■ DATA BELOW:
___

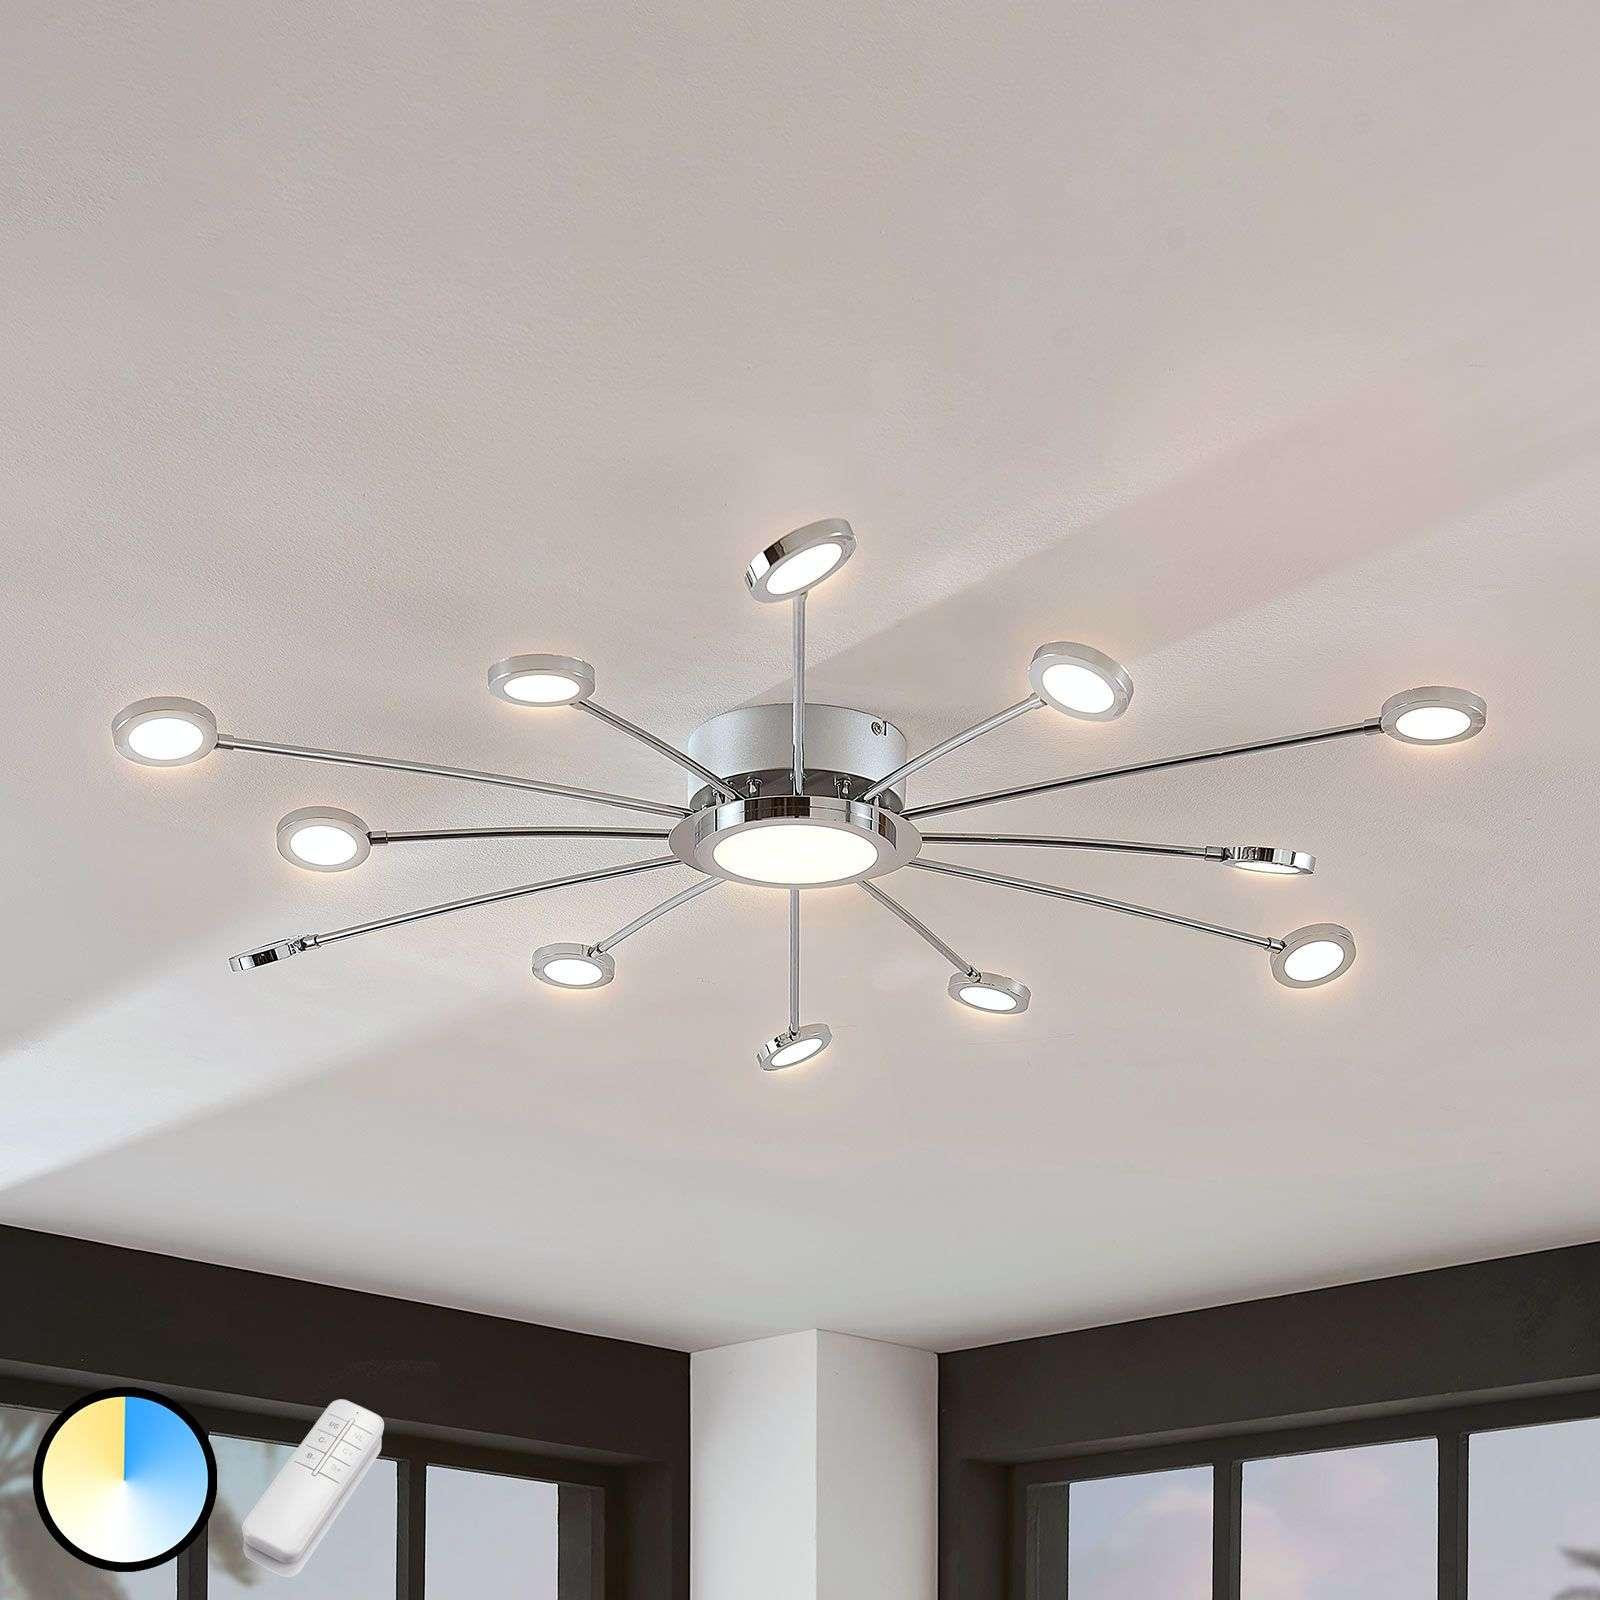 Large bright led ceiling lamp meru remote control lights large bright led ceiling lamp meru remote control 8032115 36 aloadofball Images
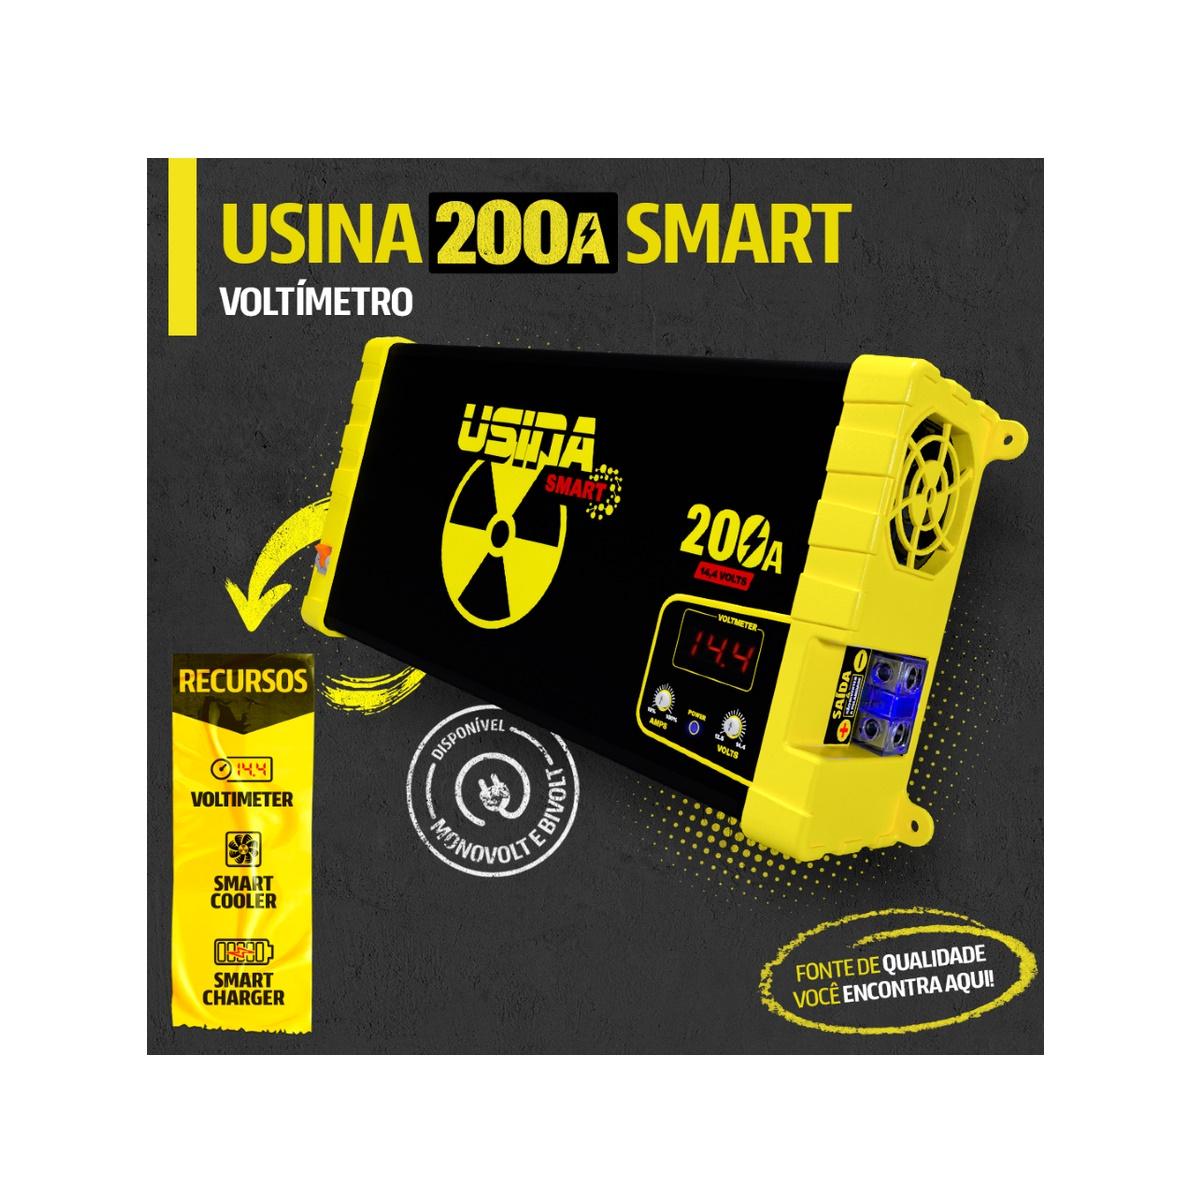 Fonte e Carregador Usina 200A Smart 12 Volts com Voltímetro e Amperímetro Bivolt
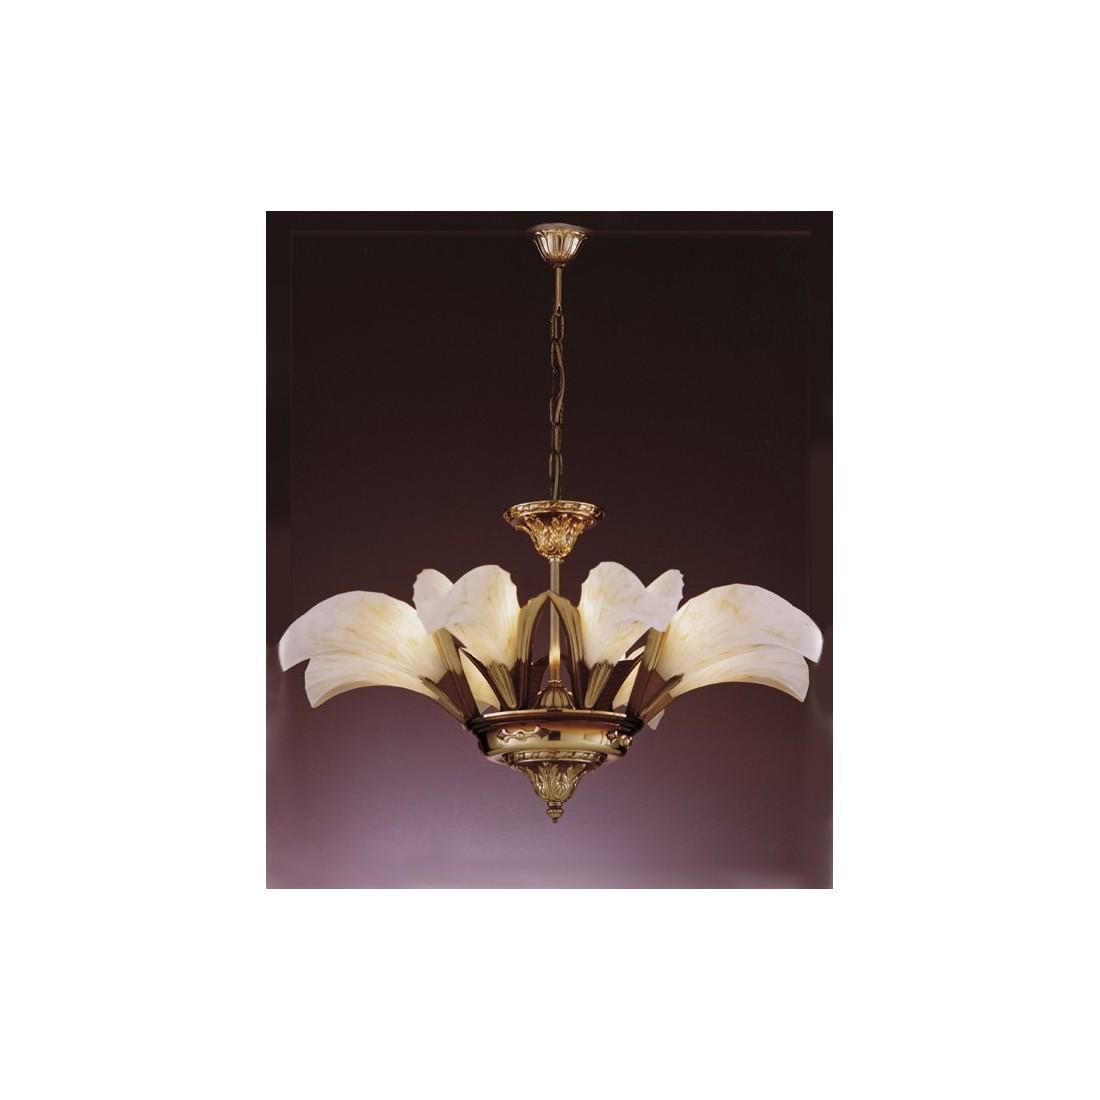 L mpara de bronce xxl distribuidores oficiales - Lamparas clasicas modernas ...
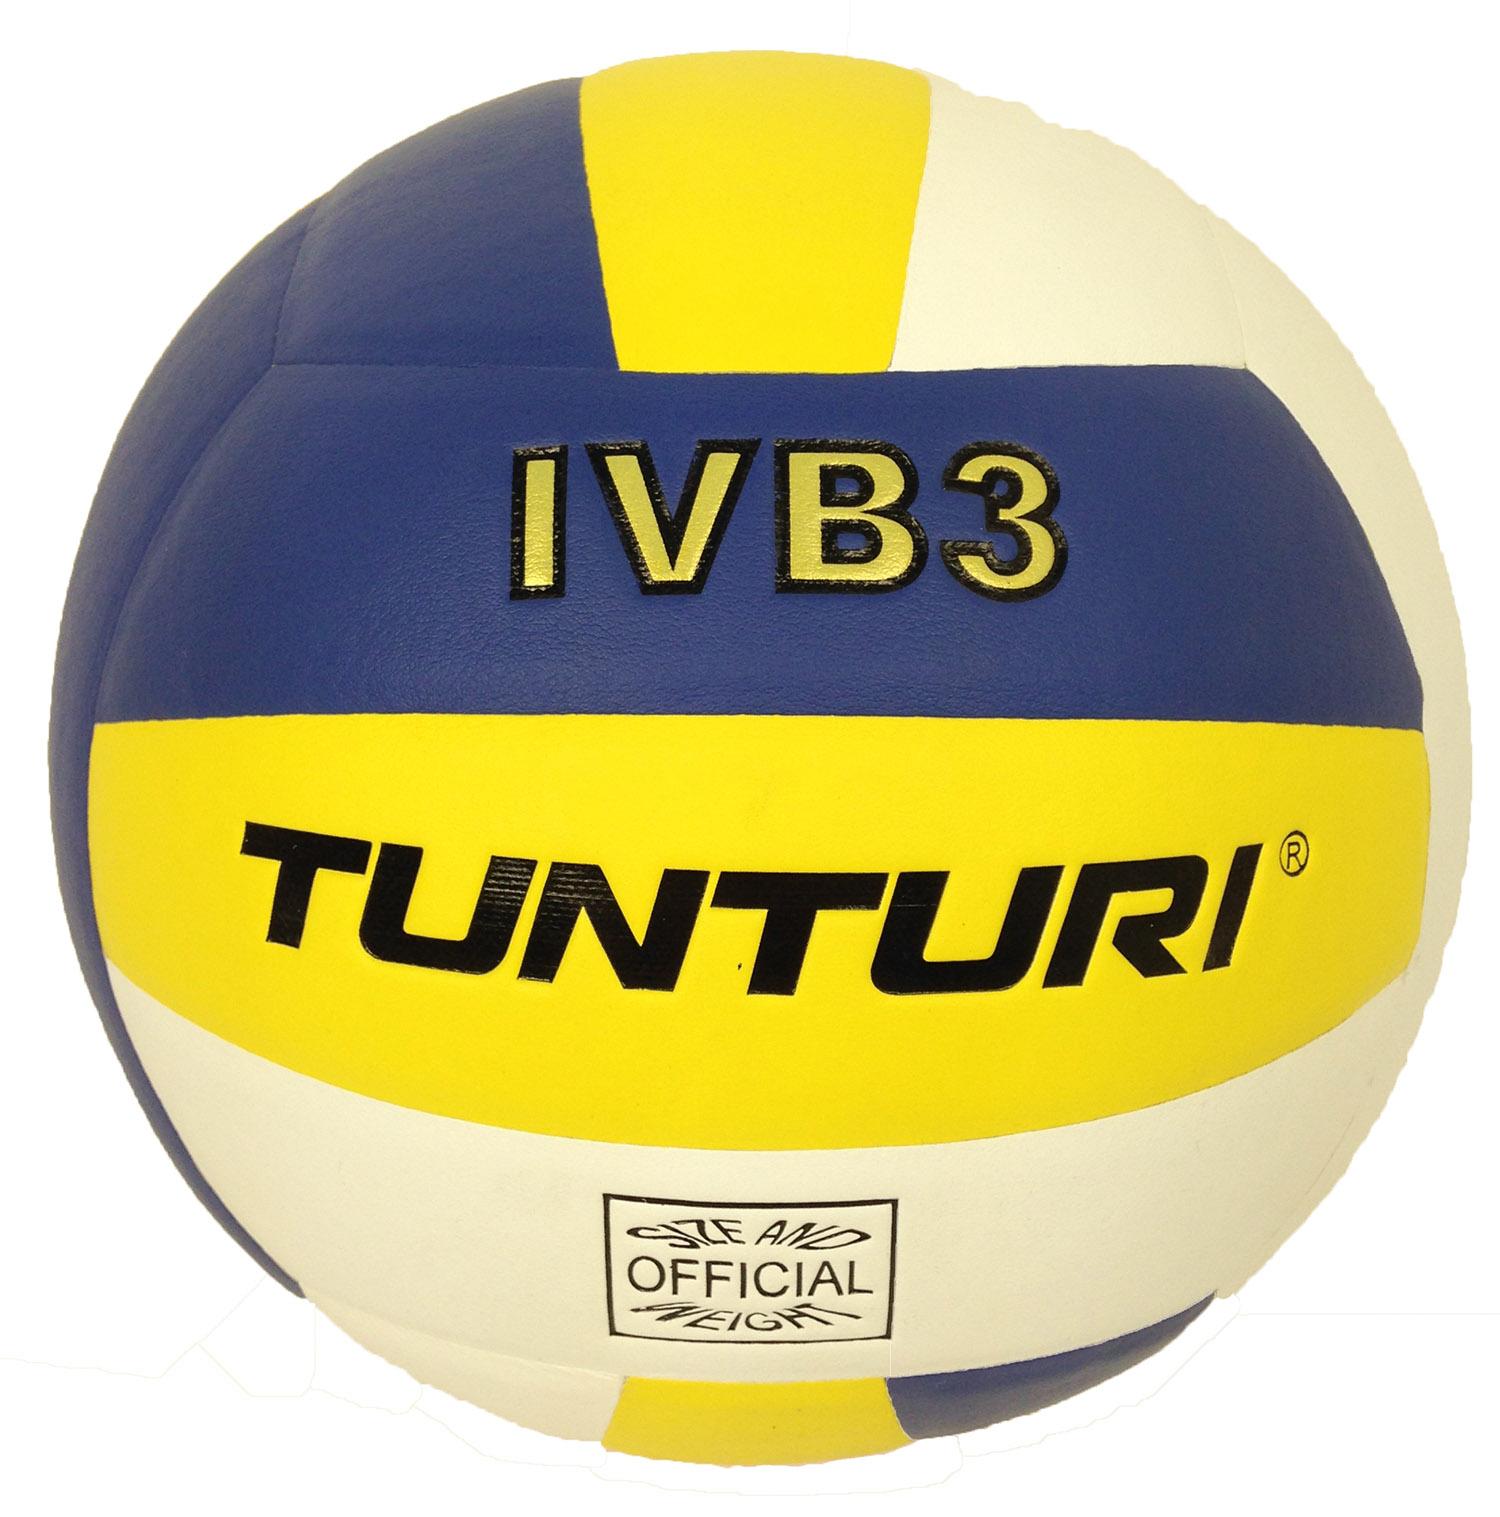 Tunturi Volleybal – Volleybal bal – IVB3 jokasport.nl

___

■ PROBLEM TO SOLVE:
Leave out the pictures and set down all of the data exactly.

■ OUTPUT:
 Large bright led ceiling lamp meru remote control lights large bright led ceiling lamp meru remote control 8032115 36 aloadofball Images
 Fonte e Carregador Usina 200A Smart 12 Volts com Voltímetro e Amperímetro Bivolt
 L mpara de bronce xxl distribuidores oficiales - Lamparas clasicas modernas ...
 Tunturi Volleybal – Volleybal bal – IVB3 jokasport.nl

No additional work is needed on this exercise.